Some costs are difficult to assign through this method of cost accounting. Indirect costs, such
as management and office staff salaries are sometimes difficult to assign to a particular
product produced. For this reason, this method has found its niche in the manufacturing
sector.
It involves the following steps:
Cost Hierarchy
The first step in activity-based costing involves identifying activities and classifying them
according to the cost hierarchy. Cost hierarchy is a framework that classifies activities based
the ease at which they are traceable to a product.
Implementation Steps
First, activities must be identified and grouped together in activity pools. Activity pools are
the supporting activities that tie in to a product line or service These pools or buckets may
include fractionally assigned costs of supporting activities to individual products as
appropriate during the second step.
ABC continues with activity analysis, clearly identifying the processes which support a
product and avoiding some of the systemic inaccuracies of traditional costing. ABC costing
requires activity analysis, similar to the process mapping found in lean manufacturing.
This activity analysis identifies indirect cost relationships and allows assignment of some
percentage of that activity to an end product directly.
Based on the findings of step #1 and #2, costs are assigned to an activity pool. For example,
human resources costs would be assigned to indirect administrative or indirect management
costs. These pools will each have some contribution to object cost.

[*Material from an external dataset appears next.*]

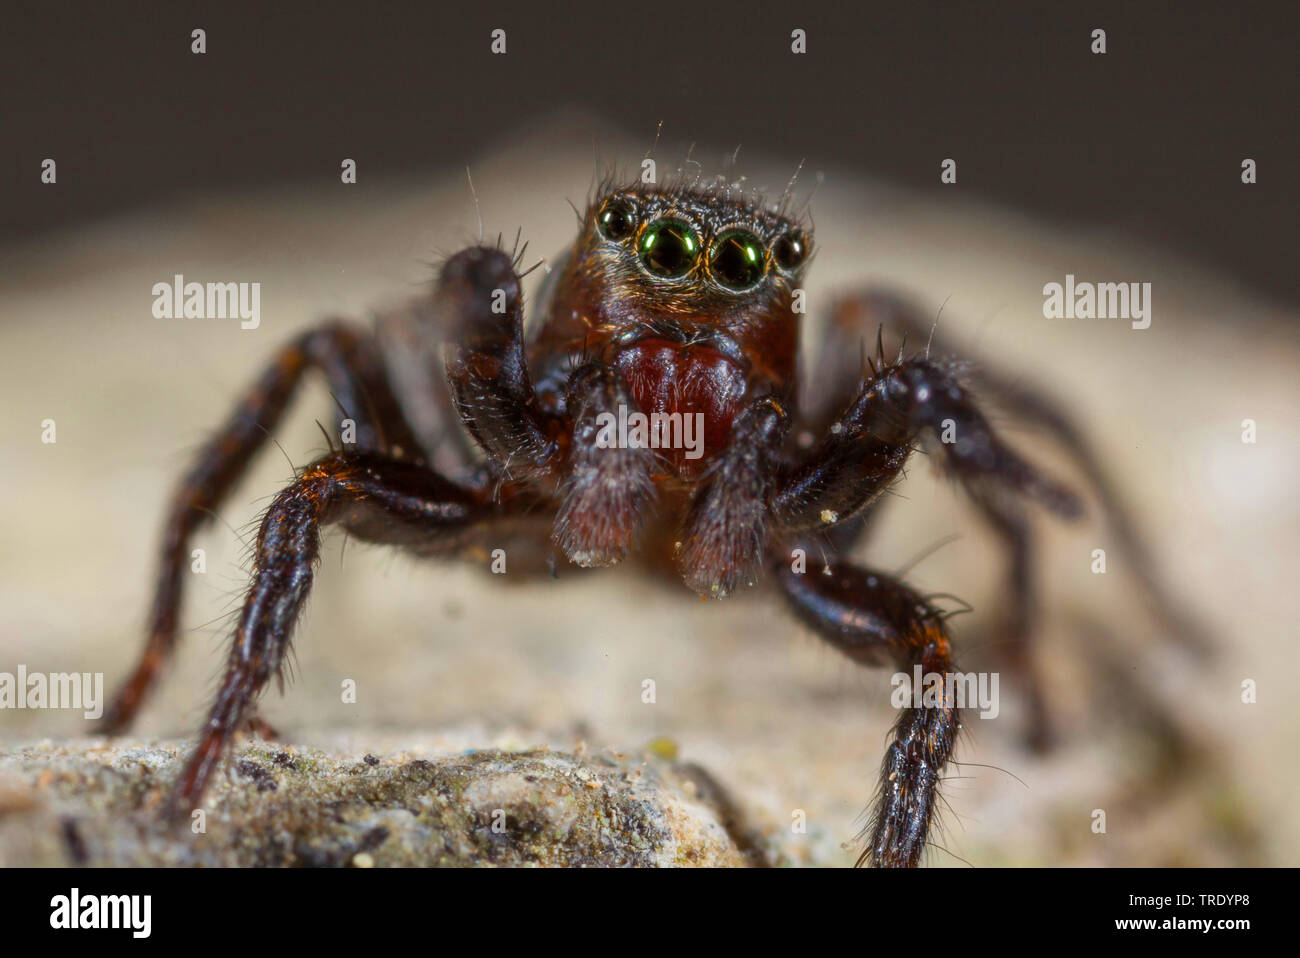 Striped jumping spider (Phlegra fasciata), female, front view, Germany Stock Photo

Initial analysis may include direct labor hours, or indirect support labor. These activities must
be assigned a value in real currency. All weightings must be added at this step. For instance,
production labor hours should be in terms of a weighted labor rate including benefit costs.

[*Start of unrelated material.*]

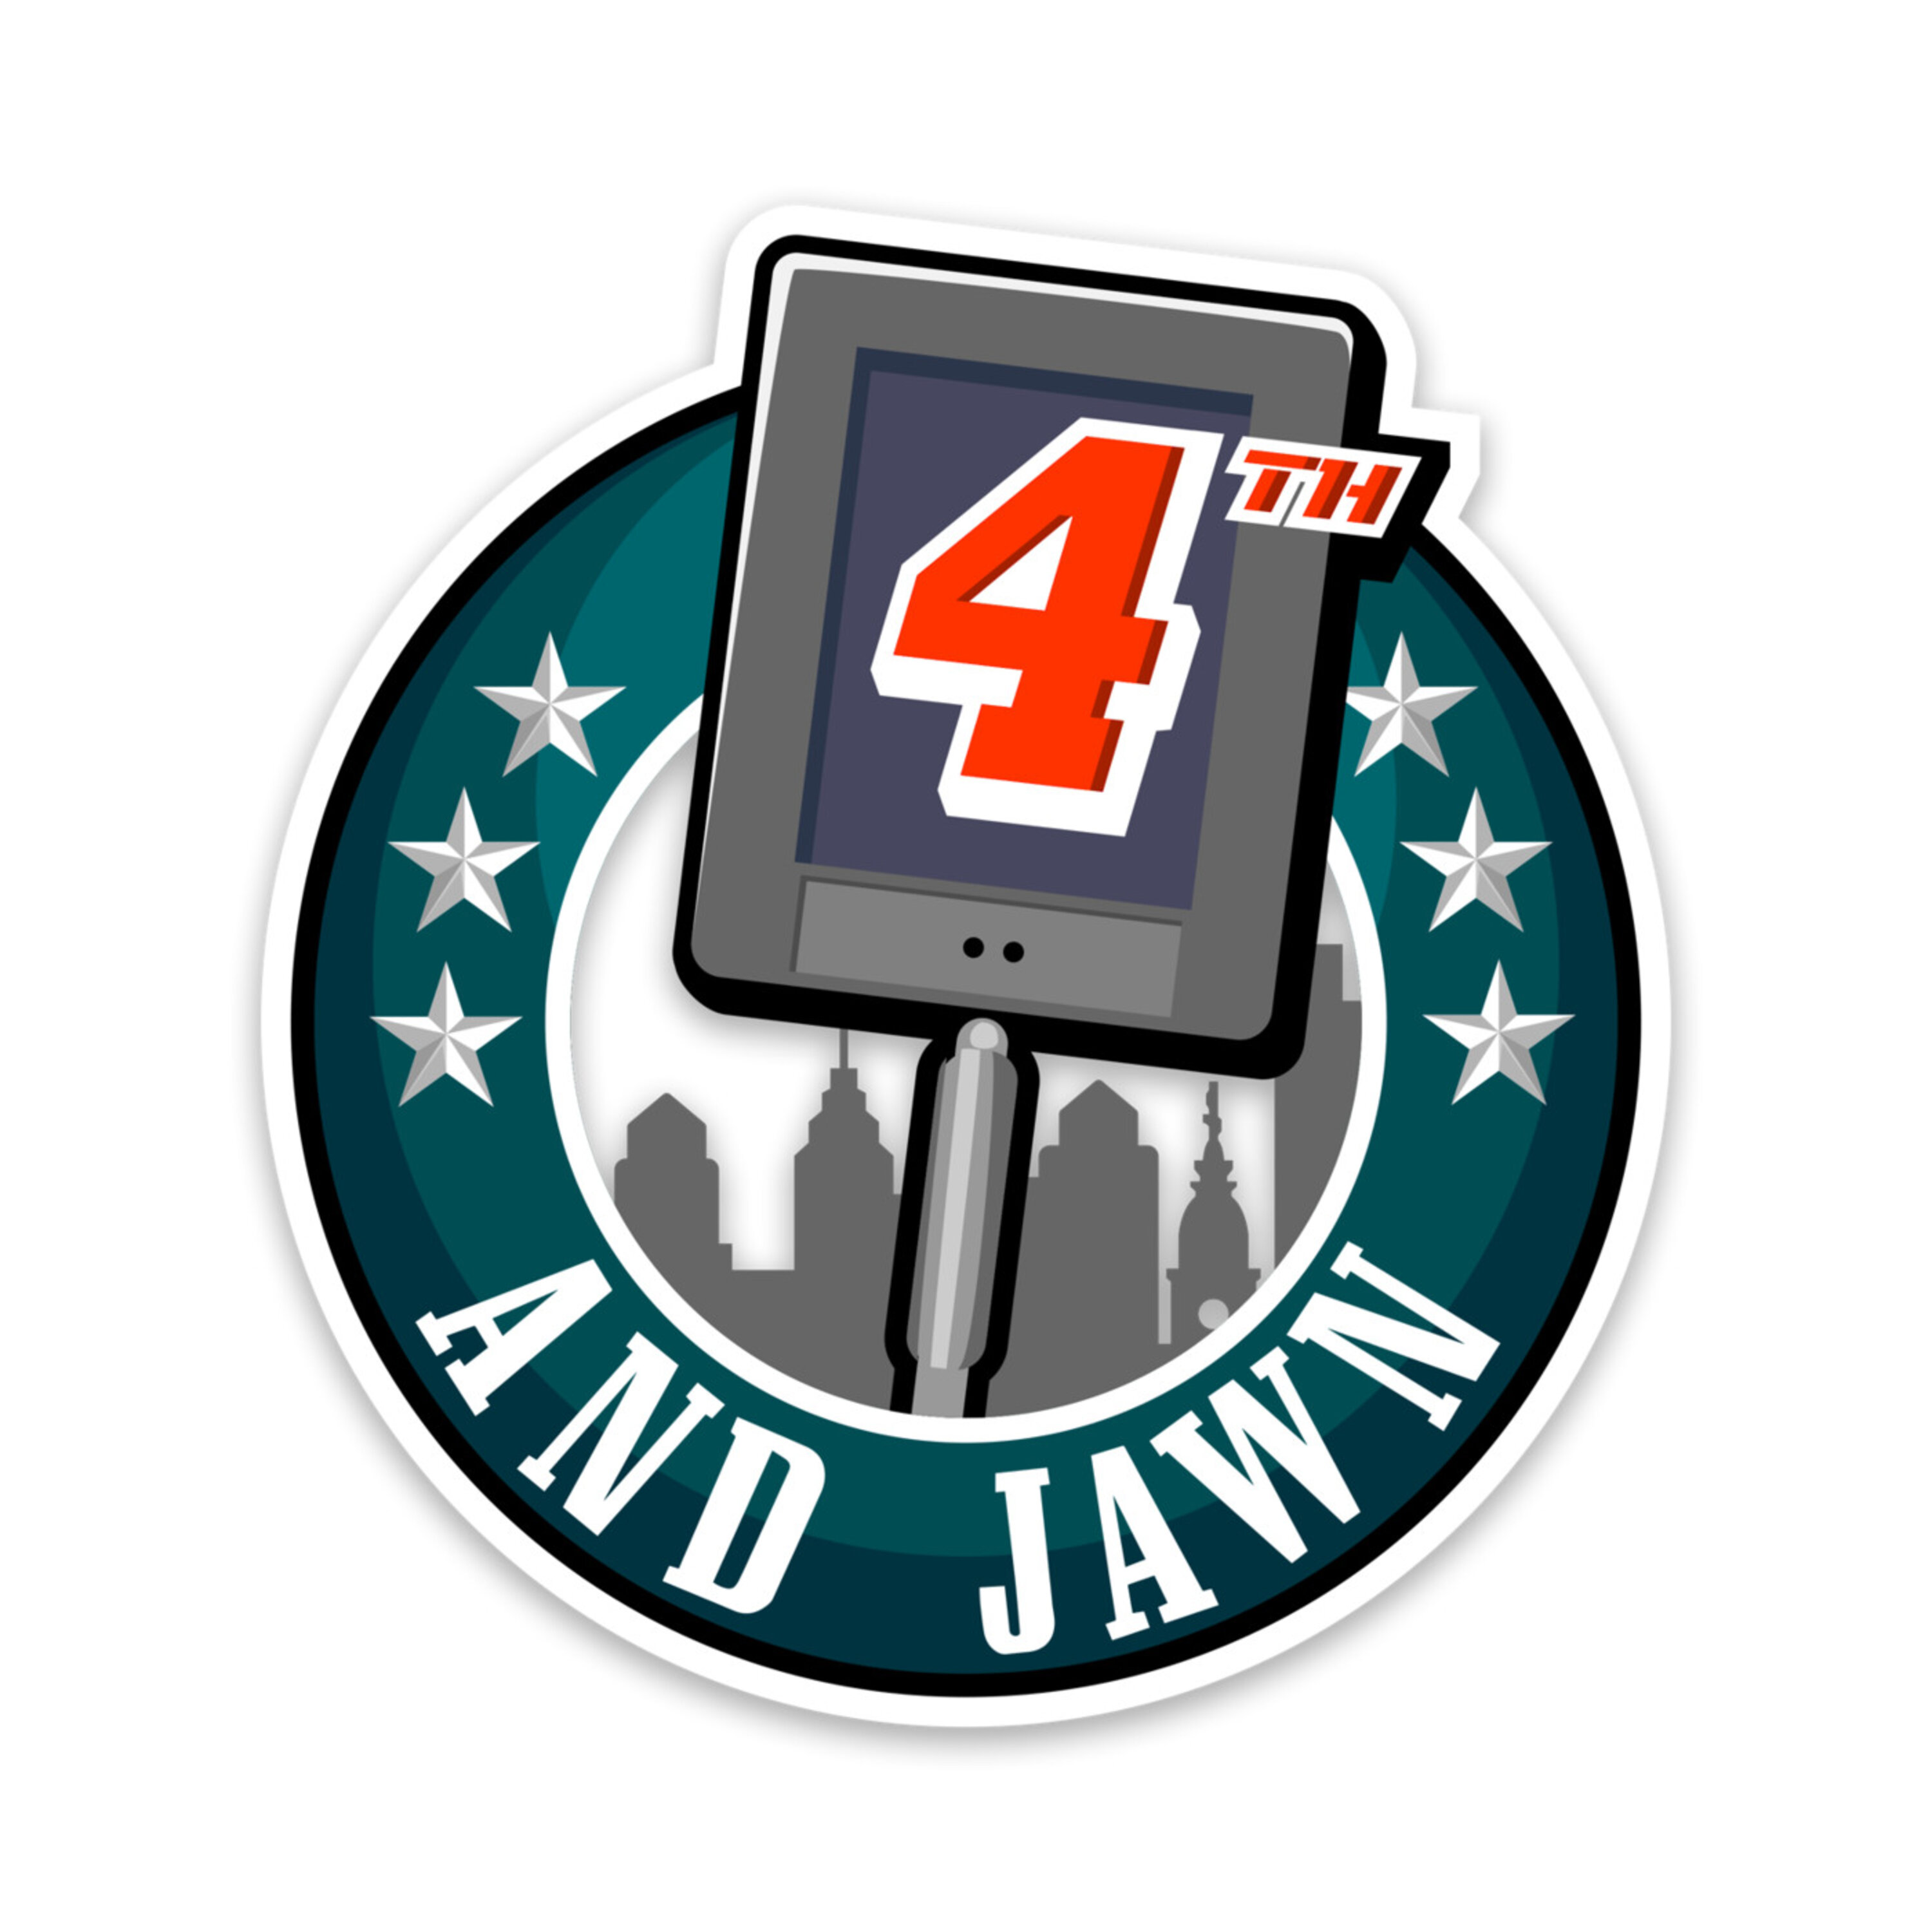 4th and Jawn - Episode 244 - Eagles vs. Broncos Preview with Steve O'Reilly

Step #5: Assign Costs to Cost Objects
Once activity costs, pools and rates are identified and clearly defined, the next step is to
assign them to cost objects. Objects are generally defined as the results offered to a customer.
In both manufacturing and non-manufacturing environments, this product should have some
saleable value to compare to the assigned costs.
Once ABC costing analysis is complete, that cost data should be placed in a concise and
coherent manner for cost object and process owners. This communication of the costing
analysis is critical to justify the cost of the analysis, as often this is not an inconsequential
cost.
Conclusion
ABC costing does nothing for the organization if the information is collected but no action
follows. The key to the value of this form of costing is that it is actionable. This analysis
allows companies to make decisions about product lines, where to direct sales efforts, and to
validate the true value provided by capital equipment.